Conditional Lower Bound for Inclusion-Based Points-to Analysis

July 10, 2020 · Declared Dead · 🏛 arXiv.org

"No code URL or promise found in abstract"

Evidence collected by the PWNC Scanner

Authors Qirun Zhang arXiv ID 2007.05569 Category cs.PL: Programming Languages Citations 3 Venue arXiv.org Last Checked 4 months ago

Abstract

Inclusion-based (i.e., Andersen-style) points-to analysis is a fundamental static analysis problem. The seminal work of Andersen gave a worst-case cubic $O(n^3)$ time points-to analysis algorithm for C, where $n$ is proportional to the number of program variables. An algorithm is truly subcubic if it runs in $O(n^{3-δ})$ time for some $δ> 0$. Despite decades of extensive effort on improving points-to analysis, the cubic bound remains unbeaten. The best combinatorial analysis algorithms have a "slightly subcubic" $O(n^3 / \text{log } n)$ complexity. It is an interesting open problem whether points-to analysis can be solved in truly subcubic time. In this paper, we prove that a truly subcubic $O(n^{3-δ})$ time combinatorial algorithm for inclusion-based points-to analysis is unlikely: a truly subcubic combinatorial points-to analysis algorithm implies a truly subcubic combinatorial algorithm for Boolean Matrix Multiplication (BMM). BMM is a well-studied problem, and no truly subcubic combinatorial BMM algorithm has been known. The fastest combinatorial BMM algorithms run in time $O(n^3/ \text{log}^4 n)$. Our result includes a simplified proof of the BMM-hardness of Dyck-reachability.

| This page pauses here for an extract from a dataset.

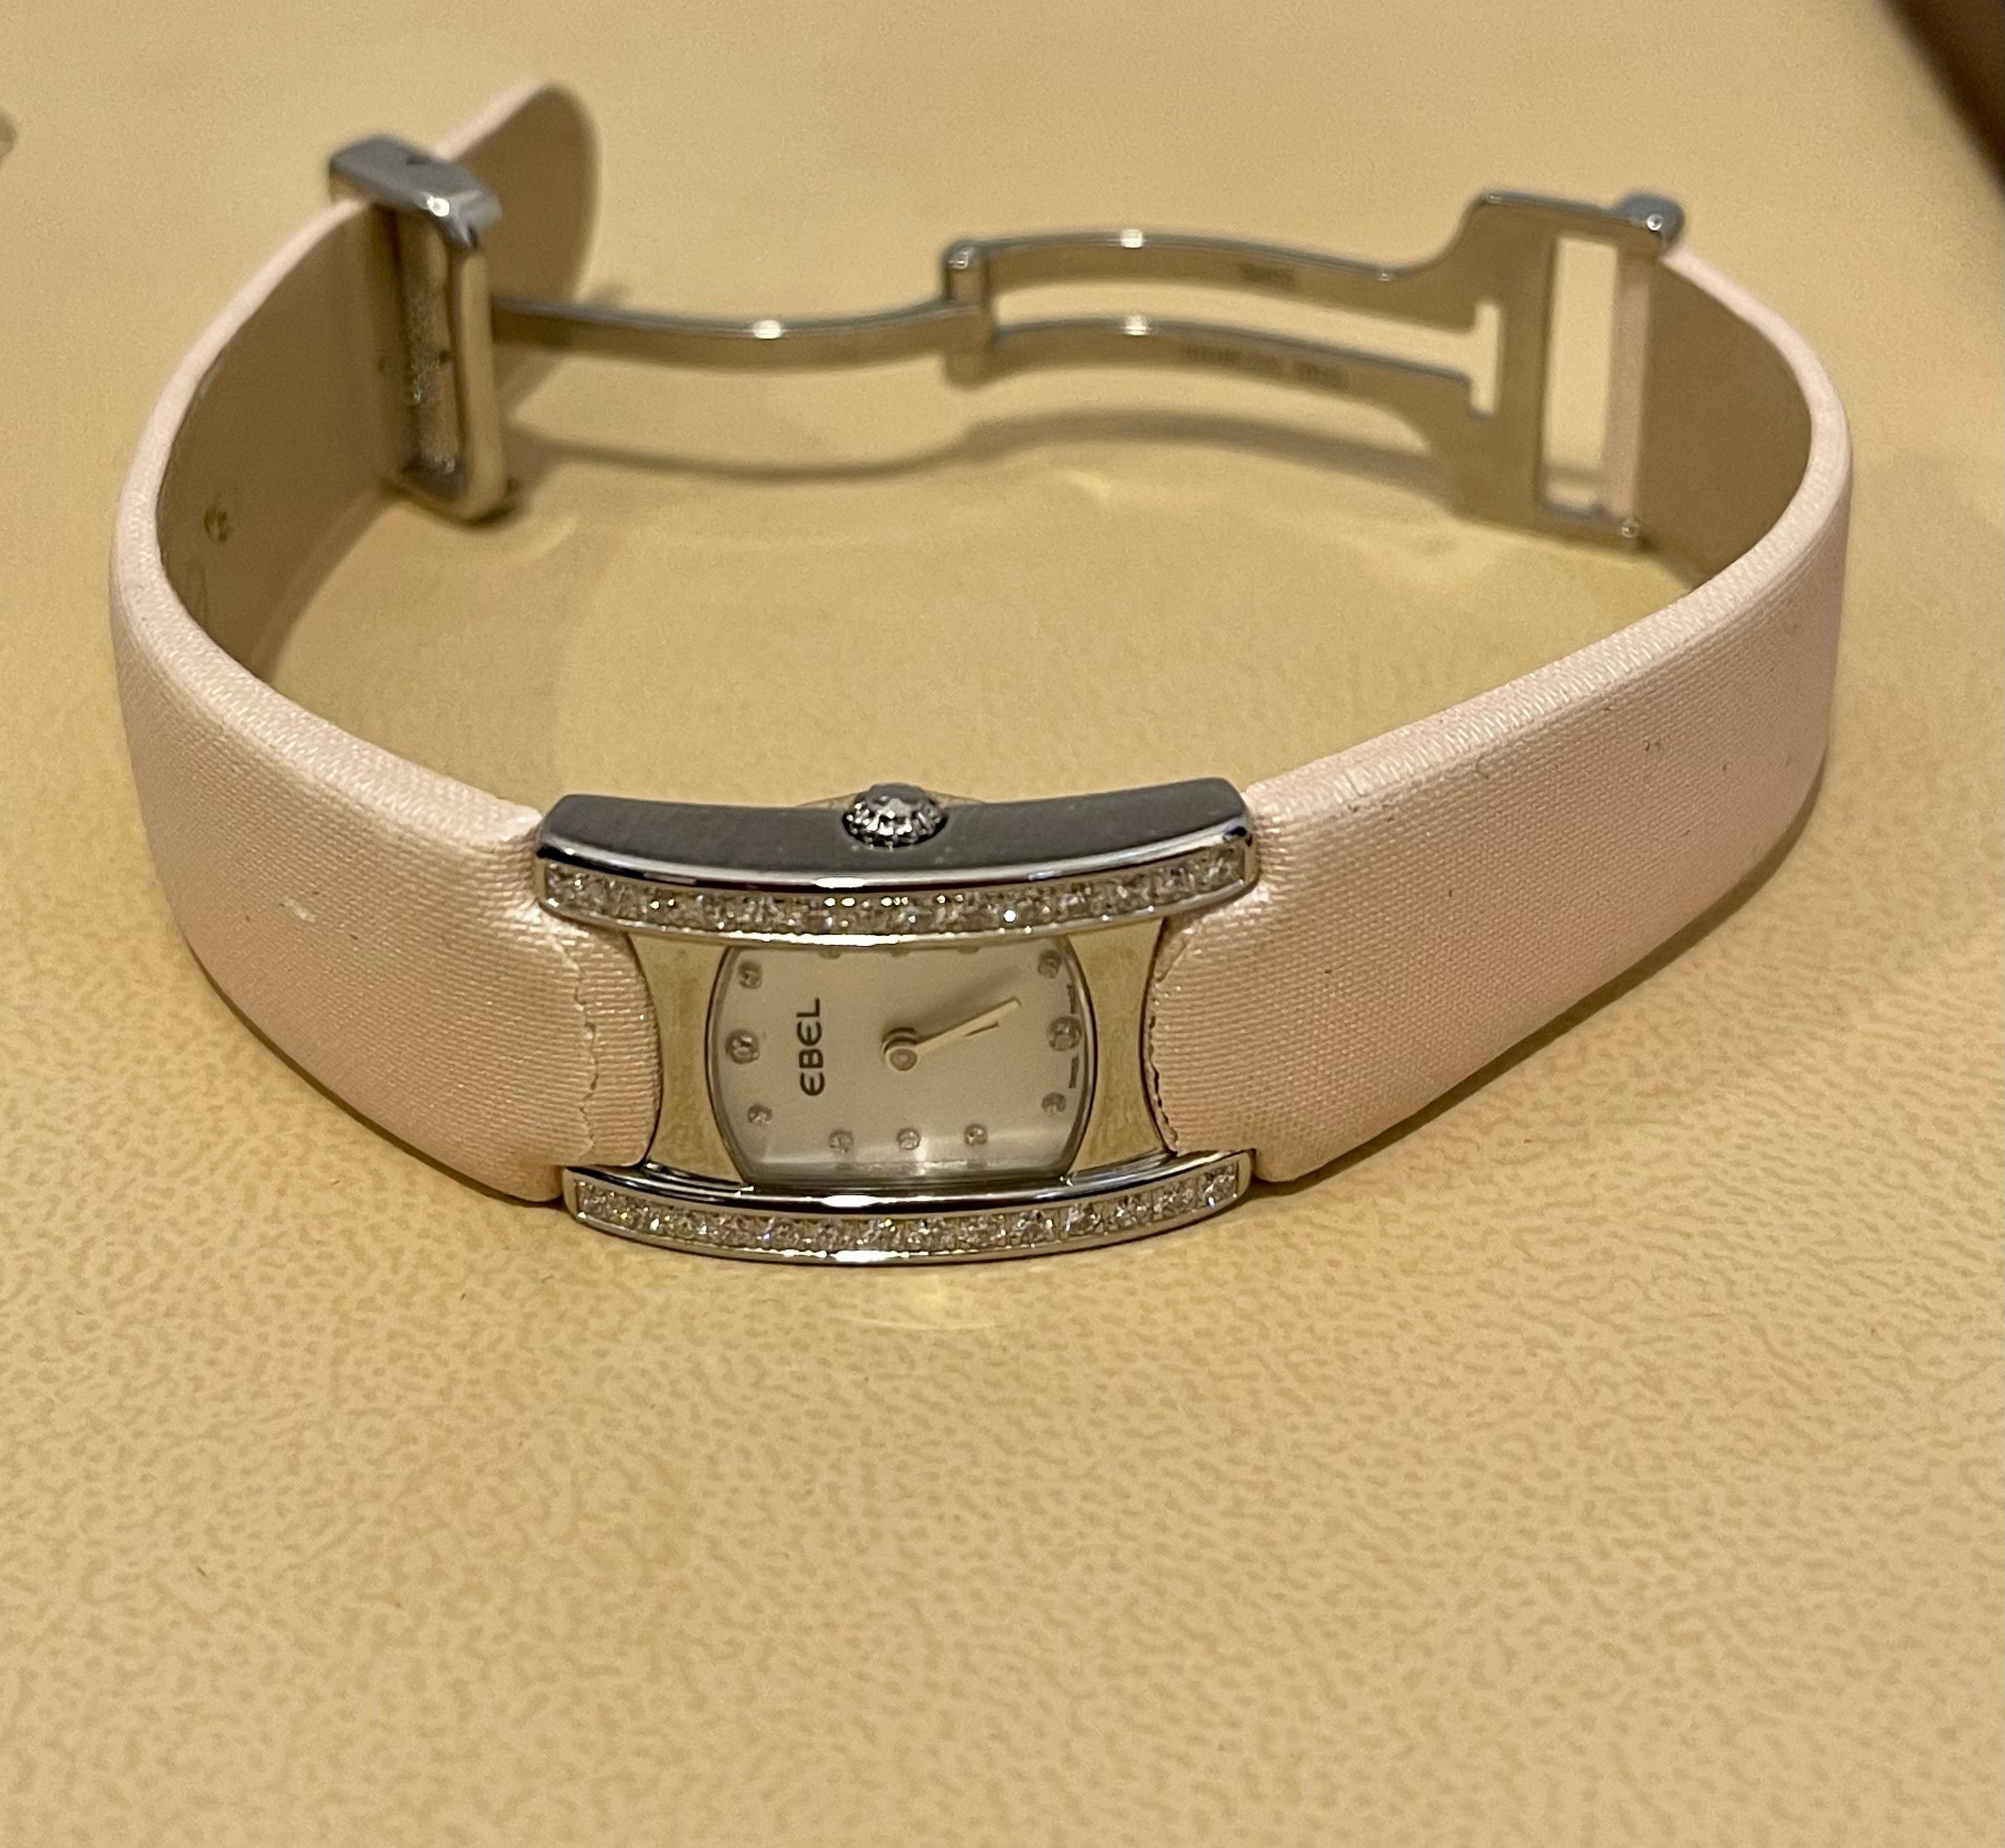 Ladies Ebel Beluga Stainless Steel with Diamonds E9057a28-10, Leather Pink Belt In Excellent Condition For Sale In New York, NY

The reduction is interesting in its own right. First, it is slightly stronger than the existing BMM-hardness results because our reduction only requires one type of parenthesis in Dyck-reachability ($D_1$-reachability). Second, we formally attribute the "cubic bottleneck" to the need to solve $D_1$-reachability, which captures the semantics of pointer references/dereferences. This new perspective enables a more general reduction that applies to programs with arbitrary pointer statements types. Last, our reduction based on $D_1$-reachability shows that demand-driven points-to analysis is as hard as the exhaustive counterpart.